Q4: After Chooks To Go (CTG) became successful, you leveraged your kiosks and use this channel to sell dressed chicken. How did you discover this as a viable opportunity? How has this help you attain incremental business results today?
A: Selling of dressed chicken and all other various poultry products in CTG stores was really part of the plan from the very start but rolled out later. We thought that in a worst case scenario where poultry growing may no longer be viable in the Philippines, we want to have the option to stop growing chicken and simply import chicken anywhere in the world and sell it in our own shops. In any commodity business including chicken, the greatest margins are in retail and never in the production side. We want to participate in the highest margin part of the chain. Our results in selling dressed chicken in CTG shops are mixed but encouraging. We have areas in the country that sell more dressed chicken than roasted chicken in CTG stores.
Q5: You launched Uling Roasters. What unmet needs are you trying to satisfy with this newer concept? Will this be bigger than Chooks to Go?
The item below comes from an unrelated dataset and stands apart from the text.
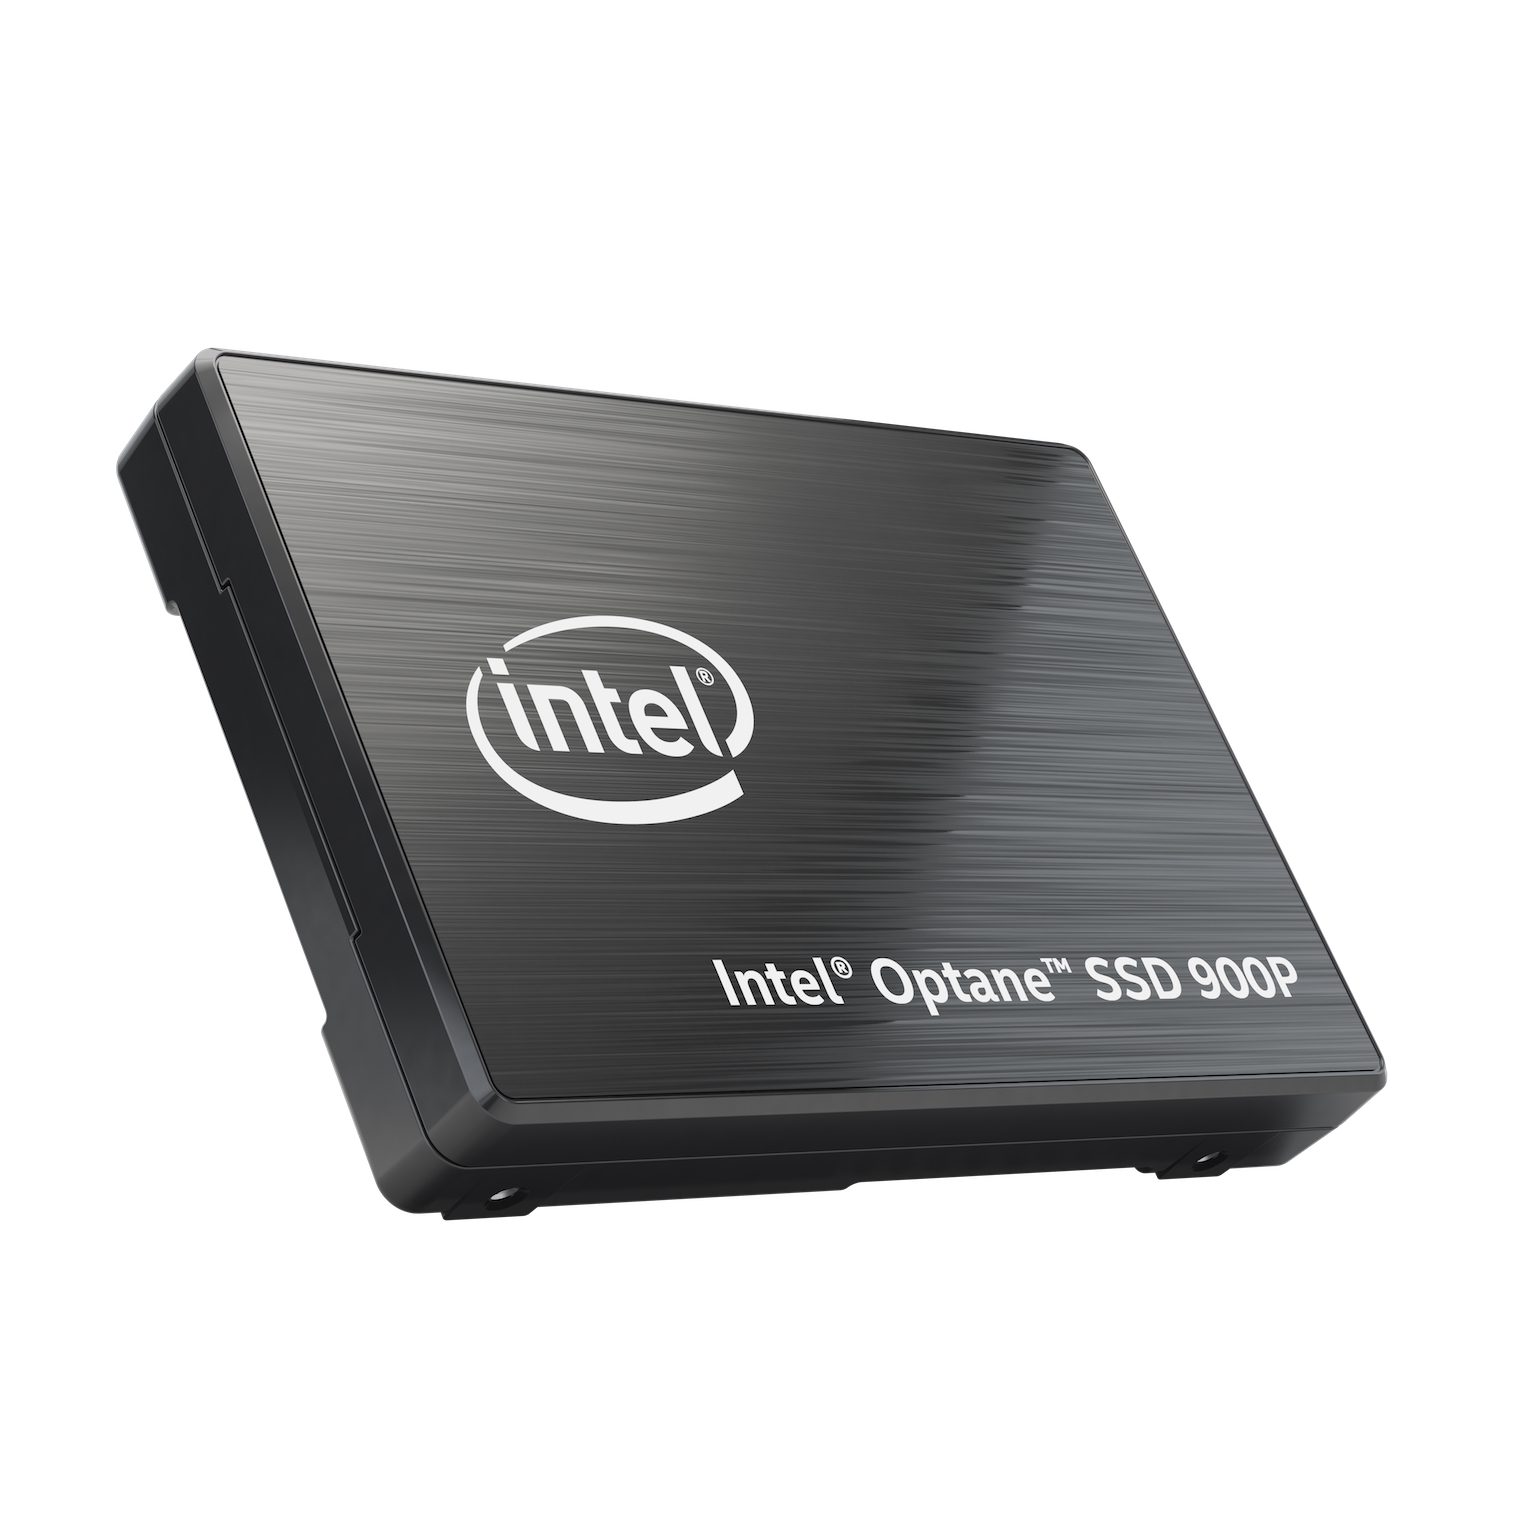 Immagine pubblicata in relazione al seguente contenuto: Intel lancia i primi drive Optane SSD 900P per gaming PC e workstation | Nome immagine: news27278_Intel-Optane-SSD-900P_1.jpg

A: We are extremely lucky to create a niche in oven roasted chicken and even become a dominant market leader in the roasted chicken industry. But on a national scale, the traditional charcoal roasted chicken is substantially bigger than our CTG. Filipinos still prefer charcoal roasted chicken thus the proliferation of thousands of mom and pops type of charcoal grilled chicken across the country. We believe that Uling Roasters will be bigger than CTG in the coming years.
Q6: You have a courageous Uling Roasters’ store signage ‘Di ‘raw’ masyadong masarap pero pwede na.’ What was the insight behind that unique proposition? Do you plan to change this soon?
A: That tagline started as a joke but that joke stuck. Every time we shared the joke with various groups people are always amused. We eventually saw that as an opportunity to differentiate given that all other brands have various claims that they are the best or # 1 for so and so reasons. Nobody is making a claim that they are second best. Of course, there was overwhelming objection within the company to really adapt that tagline. But just like any other wild idea, we always give it a chance to be tested in the market and let the public be the judge. We closed one store for a rebranding for about two weeks and re-opened it with the new tagline. Within the week of opening, the store went viral in social media with positive comments and believe it or not sales went up 40% to this date. While a lot of people do not agree to that kind of seemingly sloppy branding, the consuming public thinks otherwise. The sloppy tagline encouraged trial, boosted name recall of the brand Uling Roasters and more importantly same store sales went up significantly with the wild re-branding. This tagline may be here for long.
Q7: What criteria do you consider to put up an outlet? How do you decide whether to put Chooks To Go or Uling Roasters?
A: A site good for CTG is also good for UR and vice versa. We now have a proprietary software that computes the algorithm for all possible factors for a good or bad site that allows us to decide on a prospective site within a few hours. This is critical because we are competing with a lot of businesses for available store sites. We are now faster on the draw in securing sites because of this software.